Architecture After Code in the AI Era

Architecture After Code in the AI Era

I read Annie’s article Finding Comfort in the Uncertainty, and I realized my first reaction to it was too generic. It’s easy to read her piece as a meditation on ambiguity, or as another reminder that “things are changing fast.” But that’s not what she actually wrote. Her article is much more concrete. It’s a report from a very specific place and time: a room full of experienced practitioners who came together expecting answers, and instead discovered that nobody really has them yet. Annie describes conversations that mix technical skepticism (“AI-generated code is pretty crap”) with very real pressure (“people are losing their jobs”).

“And nobody has it all figured out.”

The problem isn’t uncertainty. It’s where it shows up now.

One of Annie’s key observations is that for many teams, engineering capacity is no longer the bottleneck. Agents can generate code faster than organizations can absorb change. Backlogs disappear, but delivery doesn’t speed up in the way people expected.

What slows things down instead is decision-making, verification, coordination, and trust.

Architecturally, this is a big shift. For years we optimized systems around the idea that writing code was expensive. AI breaks that assumption. Code is now cheap. Understanding is not.

This is why reviews feel heavier, not lighter. This is why people approve changes they don’t fully understand. The bottleneck didn’t go away. It moved.

Architecture has to move with it.

When code is cheap, intent becomes the scarce resource

The most architecturally interesting part of Annie’s article is where she describes sessions questioning the primacy of source code.

She quotes people talking about code as “just another projection” of intended behavior. That sounds abstract until you look at what agents actually do. Given enough context, they can regenerate an implementation again and again. What they can’t reliably regenerate is intent unless we make it explicit. This is where TDD and BDD quietly change meaning. Tests stop being a safety net for code. They become the durable artifact. They are the thing that survives regeneration.

A TDD test pins down a local contract. A BDD scenario pins down domain meaning. Together, they act as executable intent. In an AI-assisted workflow, this flips the usual hierarchy. Code becomes disposable. Tests become architectural.

Architecture moves into the “middle loop”

Annie uses the phrase “supervisory engineering” to describe the kind of work she brought into the retreat. That phrase sticks because it names something many teams already feel but haven’t articulated.

She describes a new “middle loop” emerging. The inner loop of coding is increasingly automated. The outer loop of delivery still exists. But between them sits a growing layer of supervision: steering agents, evaluating output, deciding what to trust, and understanding what actually changed.

That middle loop is architecture now.

This is also where risk accumulates. Annie mentions skill decay and trust debt. If people stop understanding the systems they ship, their ability to supervise collapses.
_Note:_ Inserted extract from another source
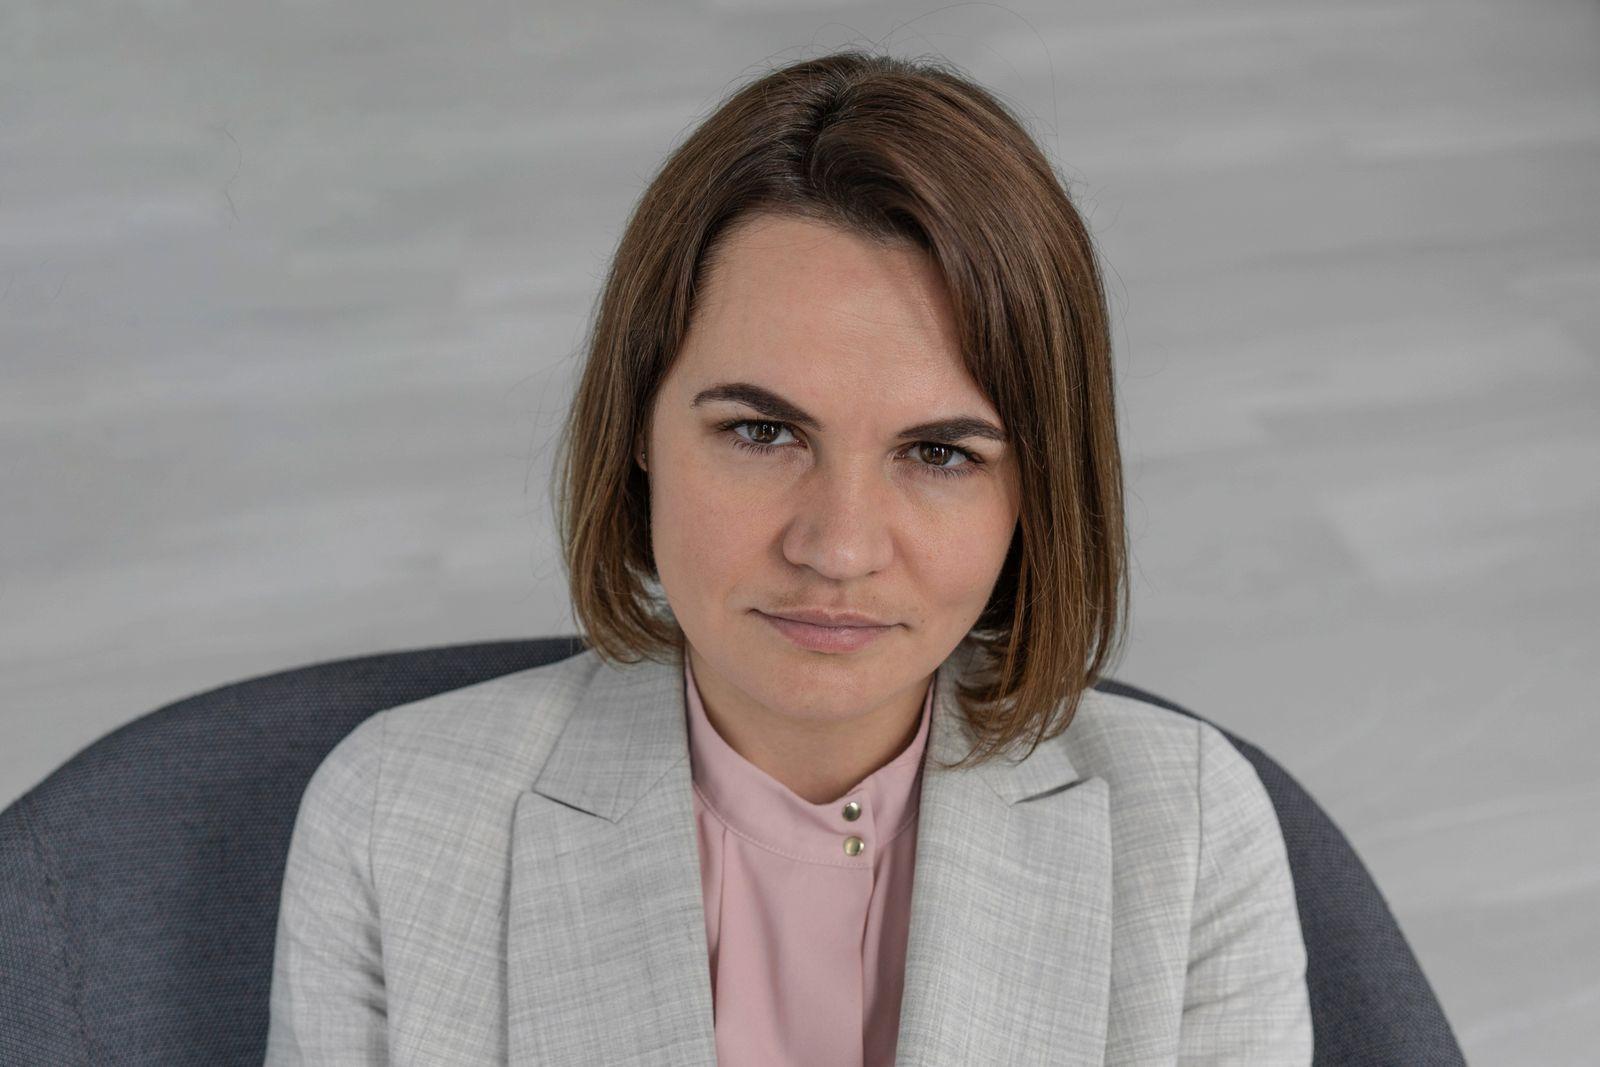 Sviatlana Tsikhanouskaya for Der Spiegel, photographed by Severina Venckutė, 2021, Vilnius.

And once supervision collapses, speed turns into chaos.

So the architectural conclusion isn’t “we should code faster with agents.” It’s: we have to redesign the system of work so human judgment remains sustainable. Because we just relocated the hardest work into the human brain.

Why Java suddenly makes a lot of sense again

The case for Java in the AI era is not that it’s trendy. It’s that it behaves like a constraint system with an enormous ecosystem of constraint tooling. AI thrives when the world is crisp.

Java is one of the few languages where constraints are a first-class design goal

“The Java programming language is strongly and statically typed.”

Why that matters for AI-assisted development is straightforward: the more mistakes you can surface as deterministic compiler feedback, the less you rely on human intuition to “smell” correctness in machine-generated output.

In practice, Java gives AI:

  • A narrower space of valid programs (because types, visibility, and declarations constrain what can compile).
  • Higher-quality, earlier failure signals (compiler errors are fast, specific, and repeatable).
  • More reliable refactoring surfaces (because the compiler becomes part of your verification pipeline).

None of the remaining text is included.